The message from Graeme Eldred contains these words:
Lousy beer up there!
The message from Graeme Eldred contains these words:
Lousy beer up there!
< big snip >
C'mon Alistair - that's Jerry you're talking about. Neither netiquette not spelling are of any great importance to him!
TOS
...
Bollox :-)
Didn't you need planning permission for something that size?
In message , Colin Reeves writes
This from the country that brought us Carling, Boddingtons and John Smiths? Don't make me laugh.
Prob depends where you live. If its a green belt area or a controlled housing development, then almost certainly. If you're lucky enough to live in the countryside (like me), you only need planning permission for alterations or building a house. Everything else comes under the banner 'agricultural buildings'. So you can fling up/pull down a barn, garages, sheds galore etc (as we and my neighbours do all the time.
James,
It was even worse. I started my working life in London in 1960 and the English beer of choice then was Watneys Draft Red Barrel. I started drinking Guiness then :-)
Jim.
You obviously have not tried Skullsplitter or Raven - see . Or you can brew your own...
We have a fairly large back garden so it does not dominate our view, but I dont think you need planning permission anyway .However a call to your local planners at the council would clarify things.
Bob
Some useful information is on this site
Bob
In message , Jim Guthrie writes
Don't be ridiculous. Watneys was ridiculed by the cognoscenti then, just as it is now. It was even mentioned in Monty Python's "Torremolinos" sketch. Almost anything was better than Watneys Red Barrel.
In message , Alistair Wright writes
People who equate the M25 with car parks usually have no idea what they're talking about. When was the last time you drove round your nearest supermarket's car park at 70 m.p.h.
I used to travel to and from work for 40 miles in each direction during the rush hour via the M25. The number of times the motorway was at a standstill was very low. I got held up for more than 100% of my normal journey time at most five times in six years, and this was during the time when they were widening the southern section to 4 lanes each way. I used the motorway in preference to A and B roads and backstreets because it was generally quicker, even though the distance was longer.
I moved in 1973 from a town that had two breweries and a pub for every two hundred inhabitants to Bristol. There, the Monopolies Commission had decided that Courage (whose beer was dreadful at the time, pre-Directors) had too large a share of the local tied trade. They compelled Courage to sell off part of their holdings. Sadly, the purchaser was Grotneys- at that point, I started drinking Guinness, and subsequently wine. Brian
Well, someone must have loved it since that was about the only beer you could get :-)
Jim
But at least it 'is' beer and not frothy dishwater!!! 3 years apprenticeship near Aylesbury in the early 80's was enough to give me cause to "import" my own canned supply anytime I got the chance to return North of the border, and I'm not a big drinker. Must admit, I've tasted a couple of semi-decent brews down Yeovil way though.
Well said Bruce, oh and don't forget Tomintoul Stag, or Glenlivet Stag, or whatever they're calling it this month! :-)
Badger.
Okay, but I've NEVER managed to maintain a speed over 50mph on the M25, on any of the few occasions I've had to use it. I have, on the other hand, remained stationary for more than 15 minutes on each occasion. Now, by definition, a car park is somewhere you park - i.e. stop and apply the handbrake, possibly even switch off the engine. This must surely therefore indeed make the M25 the "London Orbital Car Park", even if it is involuntary parking.

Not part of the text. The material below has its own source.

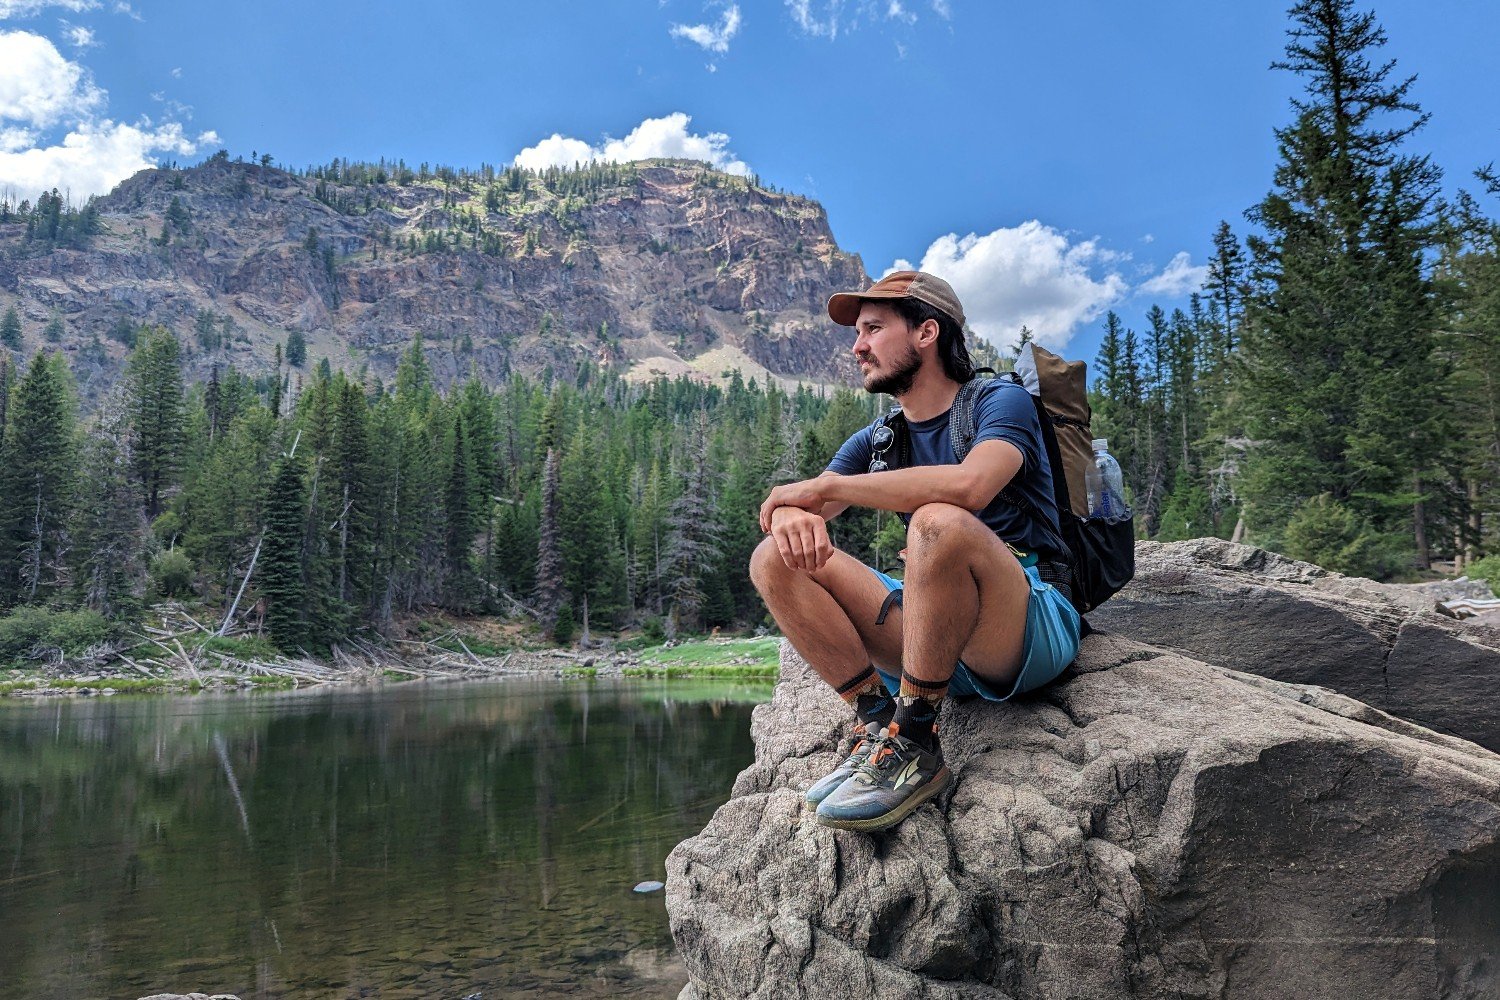 A hiker wearing Altra Lone Peak 7 trail running shoes. He's sitting on a rock in front of a lake looking out into the distance, and there are pine trees and a mountain in the background

Visit the North of Scotland, unless you go to Aberdeen you'll never see a traffic jam as such, hold-ups are due to accidents and tractors, not sheer volume of traffic. Live up here for a couple of years and you'll wonder why anyone would wish to live in the South. Badger.
Since when can you drive around the M25 at 70 mph?
So how often was your journey time say another third longer. That might be a better stat. for the argument I think you're trying to make.
Just that here (in Ontario) I was told that a permit was required for outbuildings more than (IIRC) 10 m², plus they had to be at least 1m from the boundary line and a certain distance (5m?) from the house.
I seem to remember that reasonable beer was available near Aylesbury at that time, at least if you looked hard enough. Of course I now live in a town that has its own independent brewery (McMullens, Hertford).